I am not in the condition that there is something that I "must" experience. Yet, from Seoul and in Seoul I wish to continue to follow how the East Asian-Pacific cultural region continues to move closer together and discover and present its strongly contoured similarities. If this occurs in a fresh and free dialogue with other world regions, for obvious reasons with Germany and Europe in particular, then we will be able to develop many exciting projects together.
What is your dream project?
I am cautious with dream projects, mainly because they at first pursue one’s own ideas.
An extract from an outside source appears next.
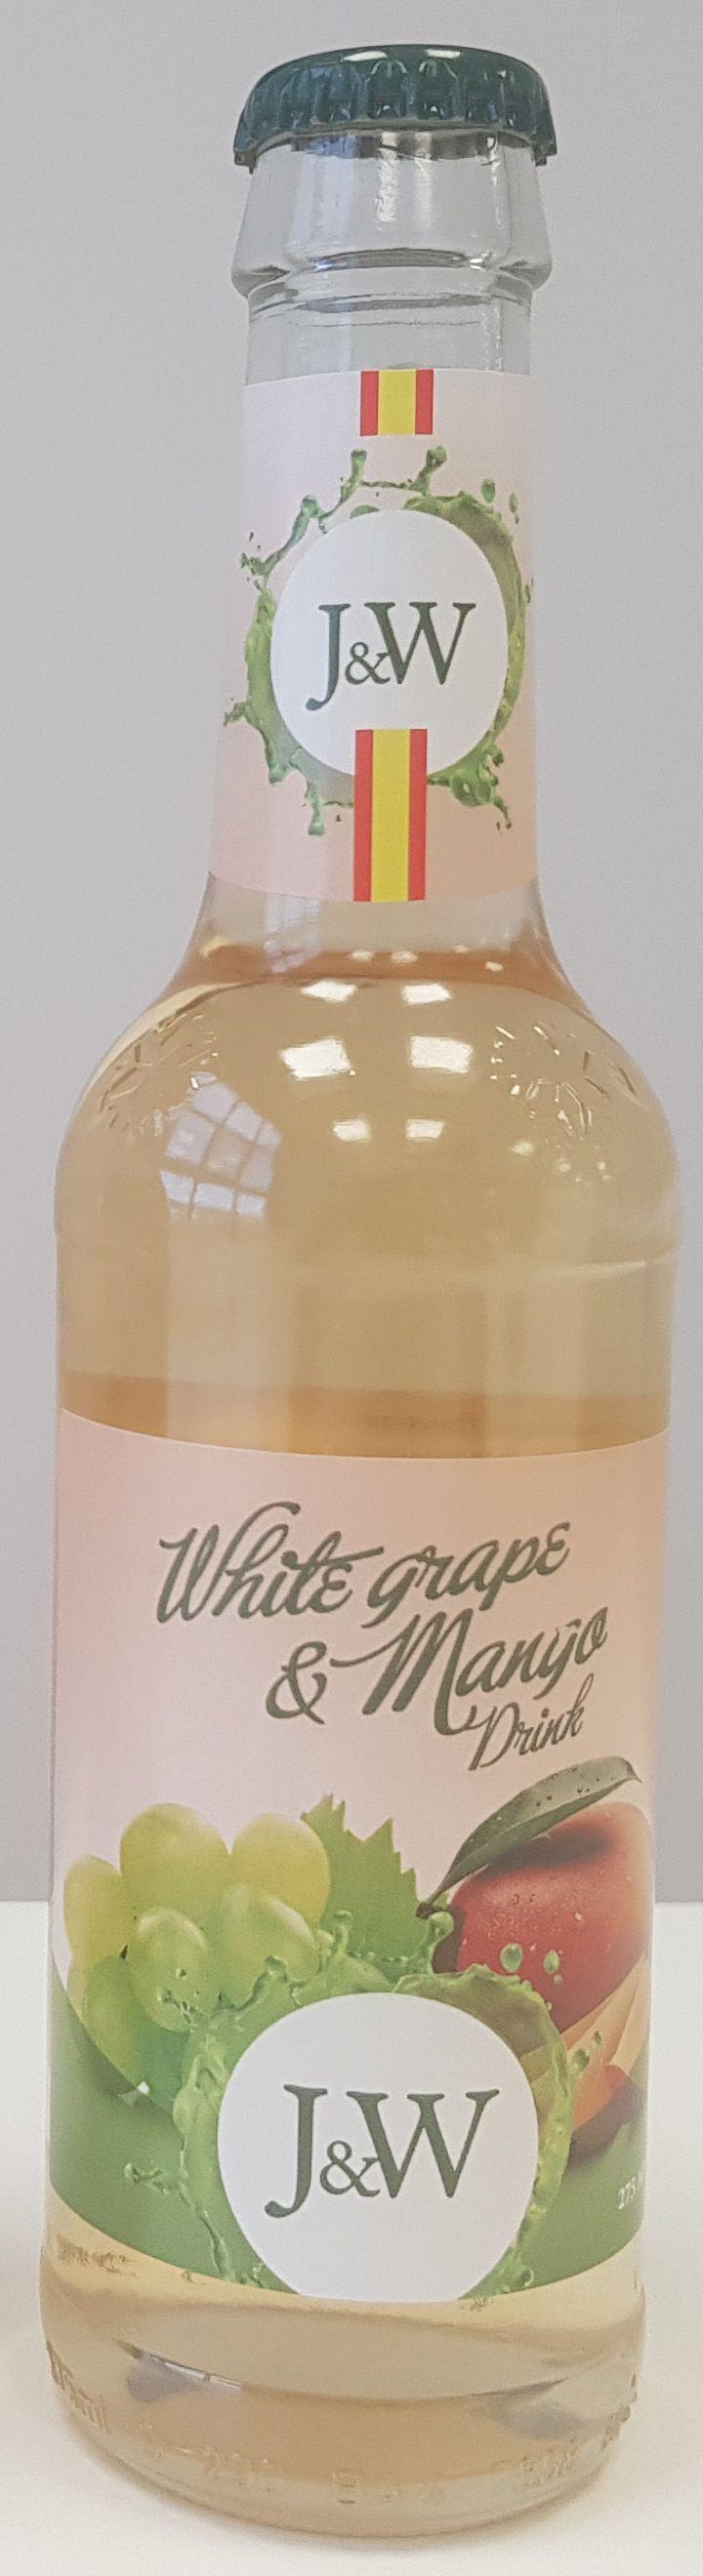 J&W Сок белого винограда со вкусом Манго газированный, 0,275 л
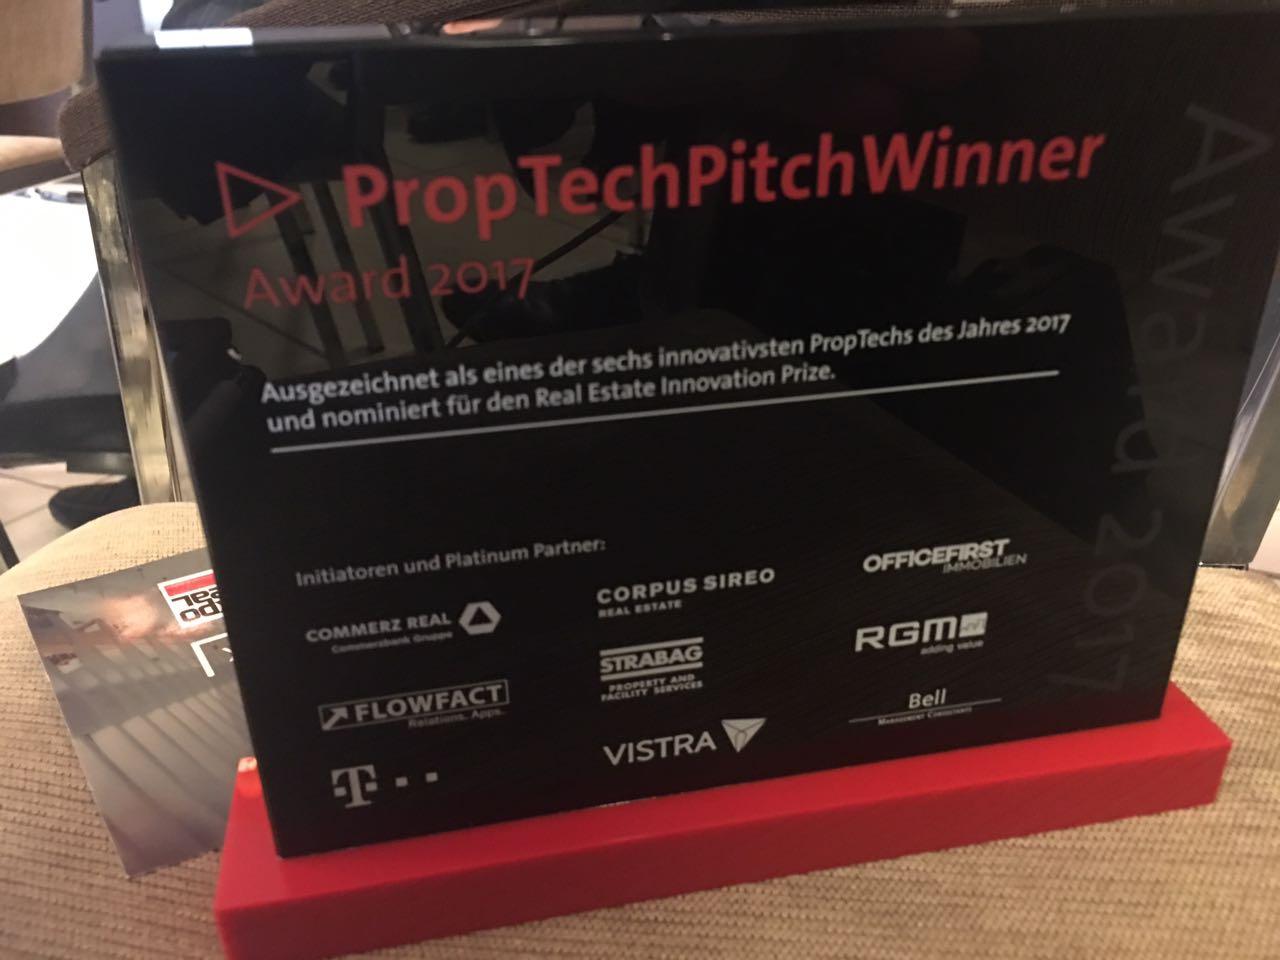 PropTech Pitch 2017: DOOZER als eines der sechs innovativsten PropTechs Europas ausgezeichnet

It always fulfils a dream when we, besides our representative duties, are able to bring together the young people of our nations and political communities, the artists and people in the cultural sector as well as those active in society, in a stimulating way and thereby help to boost new, joint actions that leave lasting traces. It would be somewhat exerted and even hackneyed to evoke Korean unity here, the legendary peace concert at the (falling) border or something like that. Nonetheless, on 9 November 2009 together with a German and a Korean DJ, we happily celebrated an expectable, politically charged party under the motto "Dancing down the Wall." Otherwise every project that we use to intensify a joint Korean-German interest is like a dream. For 2011 we are planning "The Troubles of the Young."
Raimund Wördemann is the director of the Goethe-Institut Korea in Seoul. From 2005 until 2008 he was the head of the cultural affairs department of the German consulate general in Shanghai.